Ya frente al jurado, integrado por Damián Betular, Germán Martitegui y Donato de Santis, Evangelina presentó su plato con un suspiro previo que anticipaba la tensión del momento. El nombre elegido fue “FLIE”, una sigla cargada de emoción. “Es en honor a mis dos hijas y a sus amiguitas”, explicó. “Son mis dos hijas y las dos hijas de Wanda. Se aman, son como hermanas. Son como sobrinas para mí”.

La elección no pasó desapercibida y conmovió a la conductora. “Como una flia que somos”, acotó Wanda, emocionada. El gesto terminó de sellar públicamente la reconciliación entre dos mujeres que supieron ser enemigas durante años y que hoy comparten no solo un programa, sino también un fuerte vínculo familiar a través de sus hijos.

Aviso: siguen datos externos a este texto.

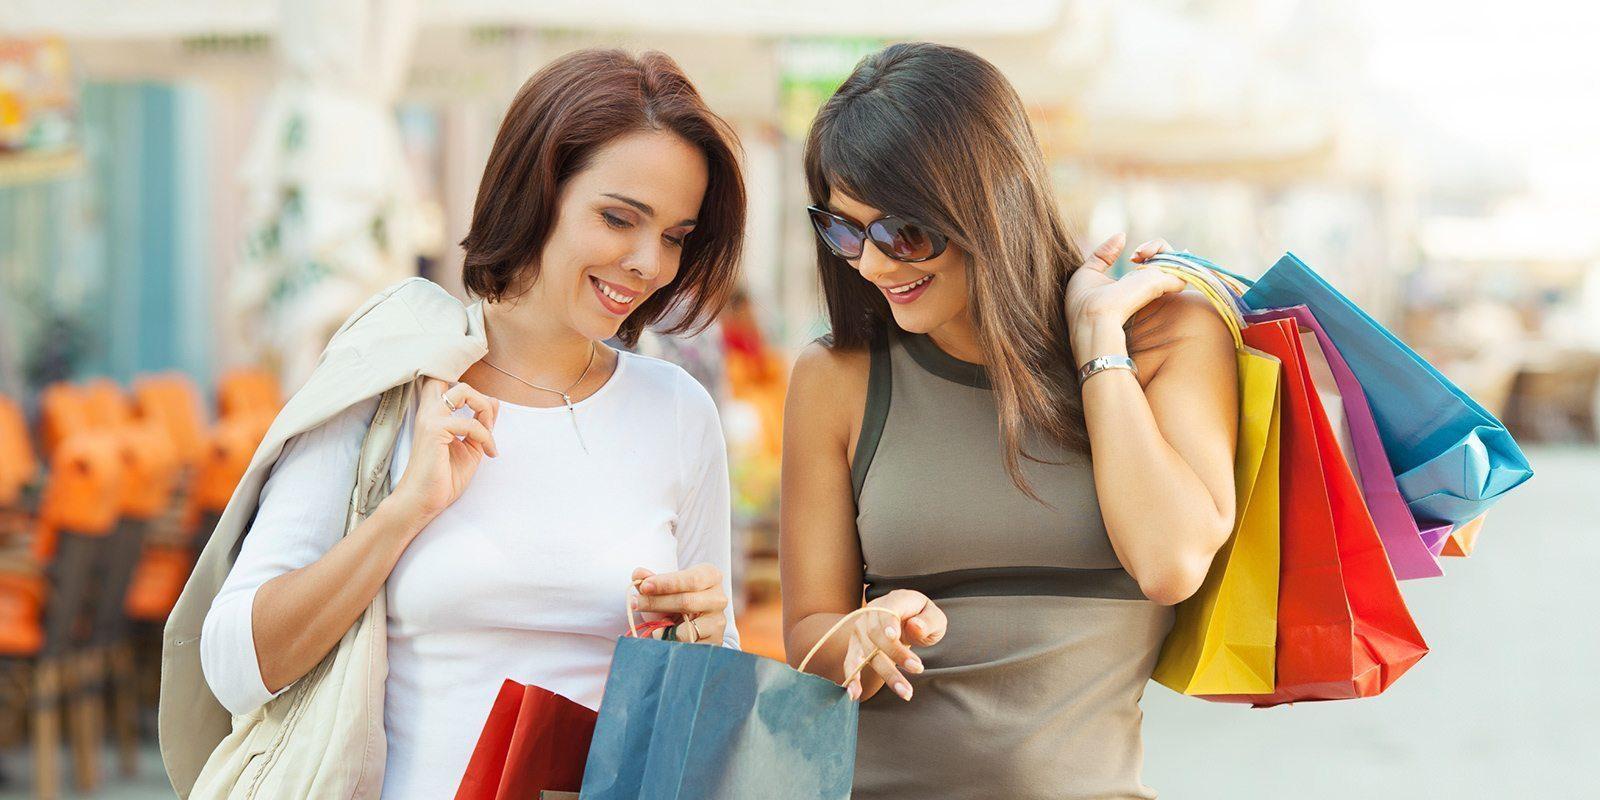 shopping-banner-1

Evangelina Anderson presentó su plato
Evangelina Anderson presentó su plato 'FLIE', con entraña, papines y ensalada tabbouleh, inspirado en sus hijas y las de Wanda Nara

En cuanto a la receta, Evangelina preparó entraña con papines y una ensalada tabbouleh, acompañada por una salsa que evitó llamar chimichurri. “Es una salsita especial”, aclaró, entre nervios y risas. Durante la devolución, el jurado coincidió en que los sabores estaban logrados, aunque marcaron un exceso en la guarnición. “A veces hacer de más perjudica”, reconoció ella misma, tomando nota del aprendizaje.

Martitegui fue directo pero justo: destacó que la entraña estaba “muy sabrosa” y elogió el “dressing Anderson”. Donato, por su parte, celebró la ensalada por su textura, frescura y potencia de sabor. Sin embargo, ambos coincidieron en que al plato le faltaba armonía general. Aun así, hubo un reconocimiento clave por parte de Wanda: “Un voto a favor de Eva con el respeto y profesionalismo que observó la clase que tuvimos, que quizás otra vegetariana hubiera escapado”.

Ese detalle no fue menor. En una jornada atravesada por la incomodidad y la sensibilidad, Evangelina se mantuvo firme y respetuosa, incluso cuando el desafío la desbordaba emocionalmente. “Estoy muy orgullosa de todo lo que aprendí hoy”, dijo, ya más tranquila, aunque sin saber cuál sería el desenlace de la noche. Finalmente, el jurado tomó una decisión que la benefició: Anderson fue salvada en el mano a mano frente a Marixa Balli, asegurando su continuidad en el certamen.